If all else fails, a person can make multiple shot 90s without kinking. the radius will be a little larger though.
 
#24 ·
Good point 480.......as Im sure many guys here have experienced, the larger the conduit size, the harder it is to bend short pieces.

If its a short chunk of 1-1/4" (say 3 or 4 feet long) put it aside until you need a filler piece because bending it is gonna suck:laughing:


I have had varying degrees of success with coupling a longer piece of pipe onto a short piece and using that braced on the floor to do the bend.
 
#26 ·
Exactly my experience with it as well. If its a coupler with 4 set screws.....2 on each side....then it seems to work much better. If its crappy EMT then there isn't much any of us can do.

Very rare that I get crap grade EMT though.
 
#40 ·
Same here.
It's just an 1-1/4 job.
I would think about getting a Chicago bender or wasting resources and extra supports using factory bends.
The flip bender is nice, I have that one.
If I went on a job where they had a regular one, I would use that type.
Foot pressure and balance. You will for sure get some air time mounting up on that bender.
 
#31 · (Edited)
I'm a short, skinny, 2nd year apprentice. I weigh <150 lbs without my tool pouch. I don't have much experience bending 1.25", but I have enough that I can do 90s, offsets, and kicks with a fair amount of confidence and little rippling or kinking, if any. Keeping my foot as heavy as possible on the pedal seems to quite important. I don't know the make of our 1.25" benders (I think at least 1 is Greenlee), and the EMT is usually Wheaton. I can only bend on the ground, but I have seen a coworker bend 1.25" in the air without much effort. They call him Sasquatch.

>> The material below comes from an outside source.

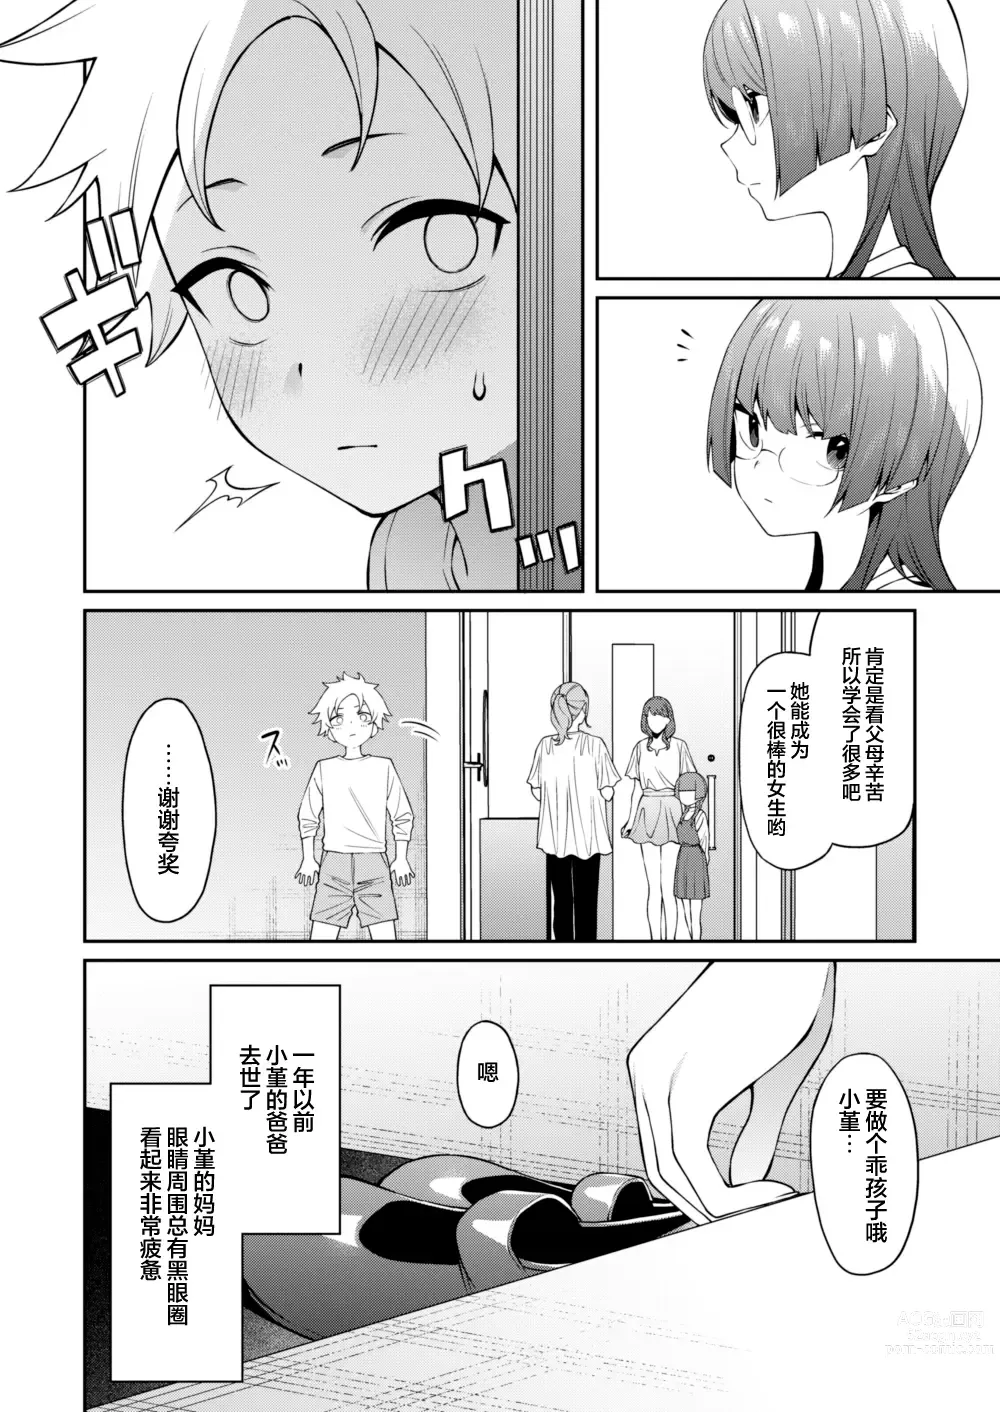 Page 11 of doujinshi Sumire-chan ha atama ga ii.

edit: The benders all have the 2-position foot pedal
another edit: I think all the apprentices at my company like to run pipe and are excited when we get to do 1.25". I guess this is common? Or maybe because it is still somewhat new and exciting?
 
#38 ·
In the catfish/ bottom feeder end of the Commercial trade, it's as common as dust to leave the shop's bender back in the shop -- and to have all required custom offsets and bends and kicks phoned in/ run through the paperwork.

This is done because there aren't that many needed... and the materials handler is able to run the EMT/ IMC/ RMC out to the job in a timely manner.

In all such jobs, the bulk of the big stuff is in PVC -- below the slab.

Consequently, the bigger EMT runs have -- at most -- a single quarter-bend in them.

The typical NEC/ IBEW job is at the other end of the universe. Such a job will have so many significant runs of EMT/ RMC/ IMC that it makes perfect sense to haul the trick gear out to the job -- and bang out big bends.

At our distributors, 1 1/4" is a back-ordered size, 1 1/2" is a fast mover.

1 1/4" is super popular in site lighting runs. Hence, we'll run into the occasional EMT (transition run) in that size.

There are some fellas that just love to bring #10 THHN out of a panel in 1 1/4" EMT -- to set a central junction can over a T-grid. Every instance of this I've seen has devolved into a fiasco.

In sum: it's just not popular in Commercial applications, the Industrial trade runs a lot of it.

( 1 1/4" EMT is also a popular data-com stub/ riser spec -- with 4-11 boxes to match. It's just that no bending is required to stub out of a tin stud bay. )
 
#44 ·
...........( 1 1/4" EMT is also a popular data-com stub/ riser spec -- with 4-11 boxes to match. It's just that no bending is required to stub out of a tin stud bay. )
You don't have firewalls in your neck of the woods?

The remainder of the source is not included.